##### RECORDS SHOWN #####
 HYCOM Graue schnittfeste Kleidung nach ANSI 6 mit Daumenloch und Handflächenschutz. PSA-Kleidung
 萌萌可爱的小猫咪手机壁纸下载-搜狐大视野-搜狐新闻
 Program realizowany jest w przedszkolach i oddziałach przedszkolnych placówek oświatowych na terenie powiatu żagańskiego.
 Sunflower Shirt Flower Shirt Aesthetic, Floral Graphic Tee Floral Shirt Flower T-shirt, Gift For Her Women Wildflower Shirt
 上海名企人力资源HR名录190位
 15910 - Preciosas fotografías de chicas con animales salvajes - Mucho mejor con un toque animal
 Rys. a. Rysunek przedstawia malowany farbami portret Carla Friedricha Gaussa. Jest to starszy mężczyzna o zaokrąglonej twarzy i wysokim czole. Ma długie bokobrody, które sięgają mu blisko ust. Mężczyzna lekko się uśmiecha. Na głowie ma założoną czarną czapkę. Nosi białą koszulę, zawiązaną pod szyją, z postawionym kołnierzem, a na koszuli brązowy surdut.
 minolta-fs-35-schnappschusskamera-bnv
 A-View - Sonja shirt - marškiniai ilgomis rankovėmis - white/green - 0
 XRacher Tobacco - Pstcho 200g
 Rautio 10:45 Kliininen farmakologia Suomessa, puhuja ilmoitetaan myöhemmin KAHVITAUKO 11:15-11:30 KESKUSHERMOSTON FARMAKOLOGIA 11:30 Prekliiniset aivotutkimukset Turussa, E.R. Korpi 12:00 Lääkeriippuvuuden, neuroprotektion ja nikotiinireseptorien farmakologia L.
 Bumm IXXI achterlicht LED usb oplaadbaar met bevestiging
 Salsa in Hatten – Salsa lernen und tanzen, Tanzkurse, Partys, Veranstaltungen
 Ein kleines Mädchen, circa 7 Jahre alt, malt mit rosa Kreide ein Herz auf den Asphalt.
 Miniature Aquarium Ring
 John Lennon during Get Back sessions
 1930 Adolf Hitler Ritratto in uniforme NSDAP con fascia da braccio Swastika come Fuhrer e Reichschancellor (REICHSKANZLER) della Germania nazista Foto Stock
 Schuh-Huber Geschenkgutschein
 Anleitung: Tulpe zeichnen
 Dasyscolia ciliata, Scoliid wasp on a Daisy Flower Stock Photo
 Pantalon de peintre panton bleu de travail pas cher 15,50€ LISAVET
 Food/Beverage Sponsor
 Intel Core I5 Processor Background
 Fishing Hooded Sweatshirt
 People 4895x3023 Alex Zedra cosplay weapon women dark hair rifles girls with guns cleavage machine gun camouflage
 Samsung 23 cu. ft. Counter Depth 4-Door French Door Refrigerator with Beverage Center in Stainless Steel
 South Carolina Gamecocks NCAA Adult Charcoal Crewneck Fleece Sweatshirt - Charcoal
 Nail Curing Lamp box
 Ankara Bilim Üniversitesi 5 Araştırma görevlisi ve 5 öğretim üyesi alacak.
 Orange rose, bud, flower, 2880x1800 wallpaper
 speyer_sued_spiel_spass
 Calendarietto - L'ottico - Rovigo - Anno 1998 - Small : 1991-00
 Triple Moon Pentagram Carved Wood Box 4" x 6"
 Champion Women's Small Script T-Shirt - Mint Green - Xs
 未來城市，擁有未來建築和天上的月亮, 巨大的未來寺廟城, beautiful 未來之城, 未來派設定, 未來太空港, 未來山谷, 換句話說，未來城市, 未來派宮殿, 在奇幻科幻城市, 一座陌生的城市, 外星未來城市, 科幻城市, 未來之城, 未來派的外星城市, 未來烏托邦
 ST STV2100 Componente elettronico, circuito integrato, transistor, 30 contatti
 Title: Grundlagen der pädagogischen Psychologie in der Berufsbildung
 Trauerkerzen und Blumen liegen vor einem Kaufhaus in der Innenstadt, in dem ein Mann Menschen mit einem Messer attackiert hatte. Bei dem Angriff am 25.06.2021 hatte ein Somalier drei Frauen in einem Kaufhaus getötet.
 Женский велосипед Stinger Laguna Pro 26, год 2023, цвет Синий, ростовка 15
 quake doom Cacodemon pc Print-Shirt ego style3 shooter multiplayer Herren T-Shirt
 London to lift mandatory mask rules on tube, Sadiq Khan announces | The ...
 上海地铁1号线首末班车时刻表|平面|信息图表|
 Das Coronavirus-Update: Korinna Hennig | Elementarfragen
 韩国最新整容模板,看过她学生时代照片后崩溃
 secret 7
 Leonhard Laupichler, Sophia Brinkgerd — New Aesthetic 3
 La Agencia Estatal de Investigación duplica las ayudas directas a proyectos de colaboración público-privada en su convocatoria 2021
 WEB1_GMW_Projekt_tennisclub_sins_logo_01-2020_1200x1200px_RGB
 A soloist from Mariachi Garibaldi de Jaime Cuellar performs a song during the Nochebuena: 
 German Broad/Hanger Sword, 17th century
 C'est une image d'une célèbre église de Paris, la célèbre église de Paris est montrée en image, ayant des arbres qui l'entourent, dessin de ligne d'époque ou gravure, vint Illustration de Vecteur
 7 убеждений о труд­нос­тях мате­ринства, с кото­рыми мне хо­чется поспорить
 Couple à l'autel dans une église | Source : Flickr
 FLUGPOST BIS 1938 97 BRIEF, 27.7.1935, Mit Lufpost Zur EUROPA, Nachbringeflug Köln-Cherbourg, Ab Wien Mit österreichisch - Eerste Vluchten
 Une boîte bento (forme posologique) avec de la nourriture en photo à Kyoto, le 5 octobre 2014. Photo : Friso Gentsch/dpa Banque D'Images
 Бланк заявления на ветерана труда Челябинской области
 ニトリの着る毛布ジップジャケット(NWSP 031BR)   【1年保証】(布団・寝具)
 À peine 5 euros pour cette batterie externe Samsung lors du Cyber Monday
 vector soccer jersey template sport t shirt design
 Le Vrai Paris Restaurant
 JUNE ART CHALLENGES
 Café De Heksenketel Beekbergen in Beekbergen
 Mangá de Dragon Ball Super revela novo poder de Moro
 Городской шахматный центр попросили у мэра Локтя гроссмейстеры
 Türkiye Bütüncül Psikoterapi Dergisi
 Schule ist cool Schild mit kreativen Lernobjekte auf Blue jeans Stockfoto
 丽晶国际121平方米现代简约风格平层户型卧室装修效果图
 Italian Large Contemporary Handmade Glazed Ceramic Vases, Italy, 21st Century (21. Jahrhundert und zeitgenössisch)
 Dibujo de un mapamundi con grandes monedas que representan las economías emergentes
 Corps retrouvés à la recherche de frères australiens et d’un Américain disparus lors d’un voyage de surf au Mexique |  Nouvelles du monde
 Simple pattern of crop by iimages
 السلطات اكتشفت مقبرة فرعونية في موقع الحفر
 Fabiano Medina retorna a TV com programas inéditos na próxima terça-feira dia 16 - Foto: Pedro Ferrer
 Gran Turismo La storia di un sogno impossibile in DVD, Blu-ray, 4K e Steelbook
#####
WHAT IS REQUIRED -
Working from the records above, write out verbatim only the lines from the line containing "Café De Heksenketel Beekbergen in Beekbergen" through the line containing "丽晶国际121平方米现代简约风格平层户型卧室装修效果图".

TASK SOLUTION -
 Café De Heksenketel Beekbergen in Beekbergen
 Mangá de Dragon Ball Super revela novo poder de Moro
 Городской шахматный центр попросили у мэра Локтя гроссмейстеры
 Türkiye Bütüncül Psikoterapi Dergisi
 Schule ist cool Schild mit kreativen Lernobjekte auf Blue jeans Stockfoto
 丽晶国际121平方米现代简约风格平层户型卧室装修效果图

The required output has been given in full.